# Drift Cutter Mod



## Chuck2 (Feb 7, 2014)

I can't seem to find a thread I once read about how to make drift cutters usable without needing any tools. Anyone know where it might be?


----------



## bwdbrn1 (Nov 24, 2010)

This isn't the one you were thinking of, but Ken05 just started this one this morning. There's mention of using chain saw bars that you don't have to drill.

http://www.snowblowerforum.com/forum/ariens-snowblowers/45601-drift-cutter-bars.html


----------



## bkwudz (Jan 14, 2013)

Grab a couple of the Areins ones. very slick design, can put them up or down with no tools and gloves on in about 30 seconds a side


----------



## Tachead (Feb 19, 2015)

bkwudz said:


> Grab a couple of the Areins ones. very slick design, can put them up or down with no tools and gloves on in about 30 seconds a side


+1 

Plus, they are $20-30 and match the machine perfectly.
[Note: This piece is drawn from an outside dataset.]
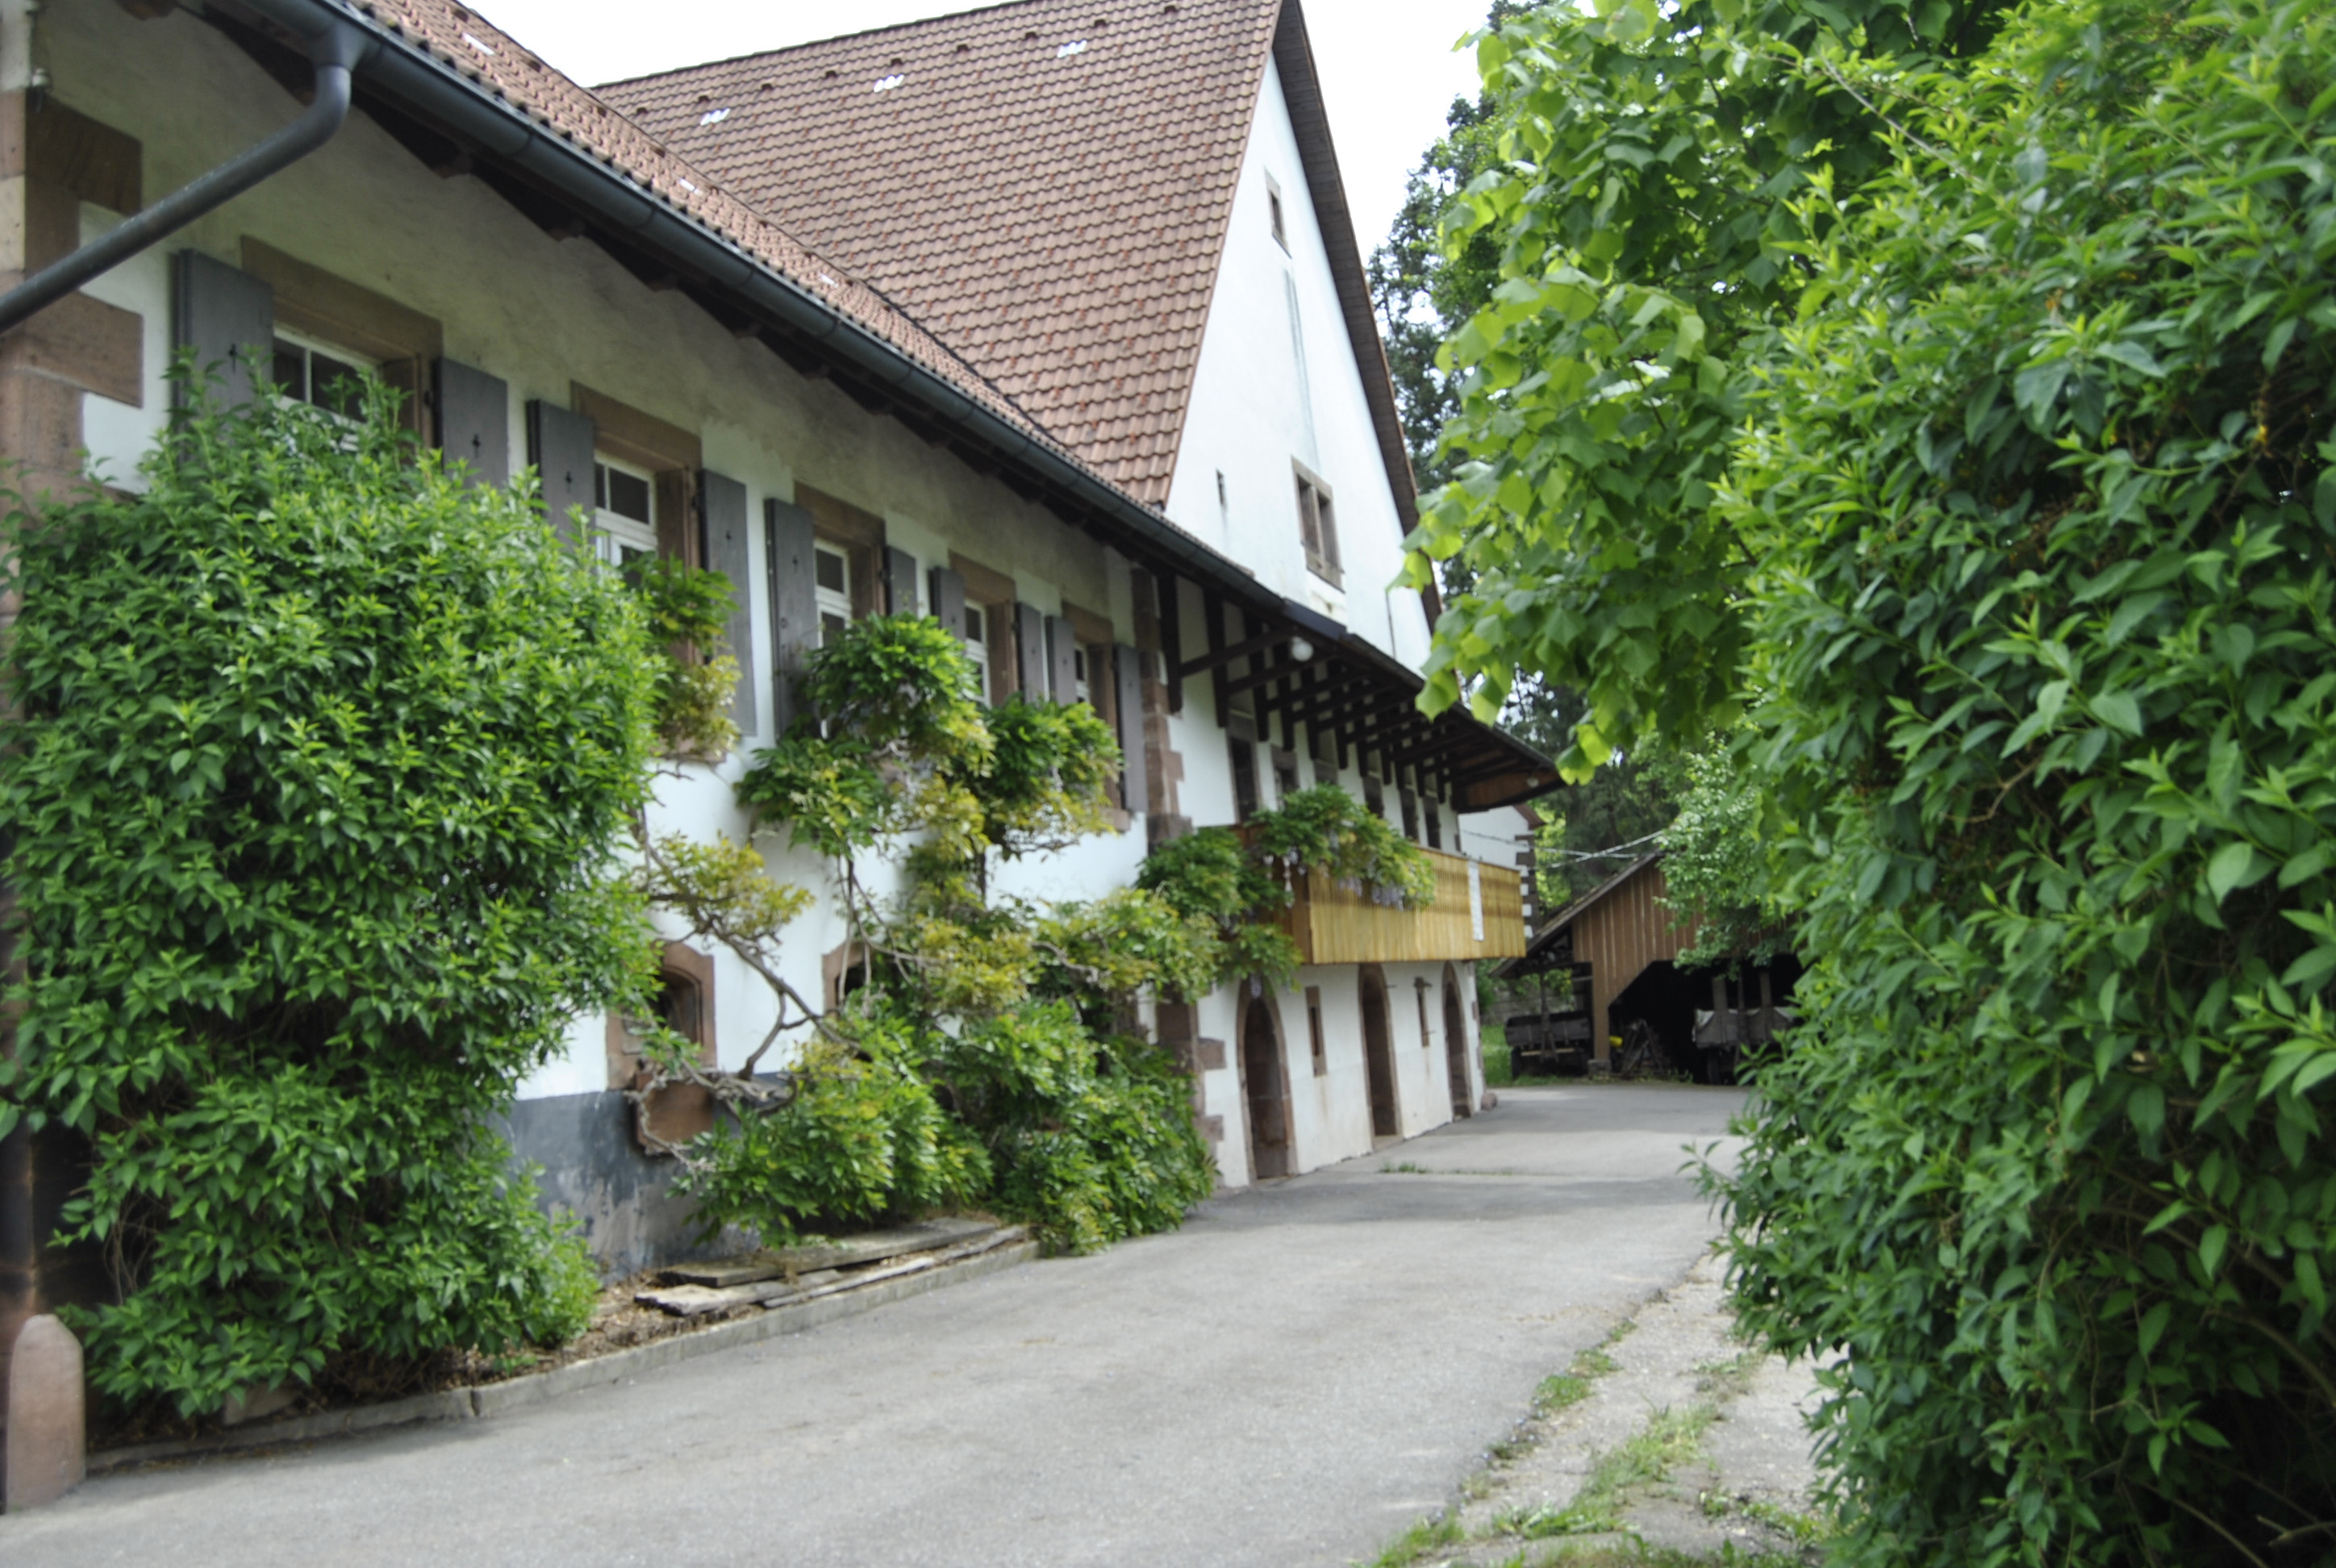 Die Gaststätte "Vogt auf Mühlstein" befindet sich auf einem idyllischen Hochplateau. / Urheber: Gemeinde Nordrach, © Gemeinde Nordrach

Making them would be a waste of time imo.


----------



## Kiss4aFrog (Nov 3, 2013)

I made my own and used stainless fasteners and I like them more than "store bought", cheaper too.


----------



## Geno (Nov 29, 2011)

Made my own as well- Very useful thing to add. But.. I'm going to change mine so they either pivot back or get slotted to drop down and back. Unless you use every few days (not happening here in Wi.) I find myself bumping into them when walking by the blower. catch my coat. I want them so they will be easy to just put in place within a minute or two just when ready to use. Mine are made with 1/8" x 2" flat steel. P.S. as others said- they do help in deep snow.


----------



## PixMan (Feb 14, 2015)

I plan on making my own for both of my Ariens machines because I have a fair amount of 1/2" x 1-1/2" 6061-T651 aluminum stock, an Alliant/Prototrak CNC milling machine, a pair of Kurt 6" vises, lots of tooling and love to carve up metal!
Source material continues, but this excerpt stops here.